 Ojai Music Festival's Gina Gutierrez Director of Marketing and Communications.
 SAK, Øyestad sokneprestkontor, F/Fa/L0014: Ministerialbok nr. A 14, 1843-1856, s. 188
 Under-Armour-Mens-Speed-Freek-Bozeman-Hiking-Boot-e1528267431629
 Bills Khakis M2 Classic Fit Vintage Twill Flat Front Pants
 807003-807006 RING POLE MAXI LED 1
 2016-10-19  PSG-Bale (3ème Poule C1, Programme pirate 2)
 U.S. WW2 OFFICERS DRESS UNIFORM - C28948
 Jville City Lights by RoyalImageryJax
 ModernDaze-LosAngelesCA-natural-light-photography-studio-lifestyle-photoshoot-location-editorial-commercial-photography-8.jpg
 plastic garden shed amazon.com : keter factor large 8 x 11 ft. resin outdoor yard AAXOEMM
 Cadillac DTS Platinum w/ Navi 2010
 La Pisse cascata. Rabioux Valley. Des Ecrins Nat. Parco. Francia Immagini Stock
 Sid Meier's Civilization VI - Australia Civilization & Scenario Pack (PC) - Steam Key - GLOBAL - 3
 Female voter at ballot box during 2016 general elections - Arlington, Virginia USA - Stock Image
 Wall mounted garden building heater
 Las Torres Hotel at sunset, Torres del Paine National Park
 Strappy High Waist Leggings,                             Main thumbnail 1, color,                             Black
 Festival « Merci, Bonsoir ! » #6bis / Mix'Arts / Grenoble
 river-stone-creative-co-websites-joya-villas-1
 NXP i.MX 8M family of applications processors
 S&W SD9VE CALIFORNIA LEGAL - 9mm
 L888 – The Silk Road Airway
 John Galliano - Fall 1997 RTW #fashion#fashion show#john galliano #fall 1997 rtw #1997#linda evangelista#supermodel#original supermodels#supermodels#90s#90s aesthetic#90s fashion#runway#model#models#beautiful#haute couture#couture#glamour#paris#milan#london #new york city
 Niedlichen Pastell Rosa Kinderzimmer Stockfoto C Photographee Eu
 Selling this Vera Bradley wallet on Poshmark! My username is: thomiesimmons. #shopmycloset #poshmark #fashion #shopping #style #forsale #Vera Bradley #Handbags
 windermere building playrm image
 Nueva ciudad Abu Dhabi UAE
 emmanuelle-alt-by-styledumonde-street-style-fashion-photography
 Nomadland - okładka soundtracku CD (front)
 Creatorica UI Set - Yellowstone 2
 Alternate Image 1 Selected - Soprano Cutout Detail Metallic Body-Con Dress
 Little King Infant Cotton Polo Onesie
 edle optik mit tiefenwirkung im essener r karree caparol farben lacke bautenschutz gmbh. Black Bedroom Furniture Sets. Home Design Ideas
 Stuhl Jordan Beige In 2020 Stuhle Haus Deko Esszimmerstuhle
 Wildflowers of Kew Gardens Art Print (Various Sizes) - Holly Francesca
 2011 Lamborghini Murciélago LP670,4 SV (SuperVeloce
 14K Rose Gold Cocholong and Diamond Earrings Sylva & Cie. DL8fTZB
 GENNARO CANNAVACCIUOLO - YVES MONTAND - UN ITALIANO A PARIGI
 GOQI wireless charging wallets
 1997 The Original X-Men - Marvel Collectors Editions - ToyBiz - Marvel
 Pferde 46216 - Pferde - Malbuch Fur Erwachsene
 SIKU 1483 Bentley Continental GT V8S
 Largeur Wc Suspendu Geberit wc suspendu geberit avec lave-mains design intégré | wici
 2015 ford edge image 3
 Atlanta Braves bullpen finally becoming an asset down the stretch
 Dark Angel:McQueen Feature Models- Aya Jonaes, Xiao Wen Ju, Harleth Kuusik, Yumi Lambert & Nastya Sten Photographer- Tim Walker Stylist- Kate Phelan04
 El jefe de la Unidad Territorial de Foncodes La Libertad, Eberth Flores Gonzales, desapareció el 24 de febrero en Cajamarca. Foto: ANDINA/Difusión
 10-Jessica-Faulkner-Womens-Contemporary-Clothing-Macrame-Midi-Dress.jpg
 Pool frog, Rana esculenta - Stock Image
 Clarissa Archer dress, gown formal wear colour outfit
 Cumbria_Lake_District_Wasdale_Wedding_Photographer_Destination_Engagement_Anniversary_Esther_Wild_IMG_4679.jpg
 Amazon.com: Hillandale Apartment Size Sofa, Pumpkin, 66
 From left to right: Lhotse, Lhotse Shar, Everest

■ **Exercise instructions**: Look through the records and copy down every line that holds "building".

■ **Result of this exercise**:
 Wall mounted garden building heater
 windermere building playrm image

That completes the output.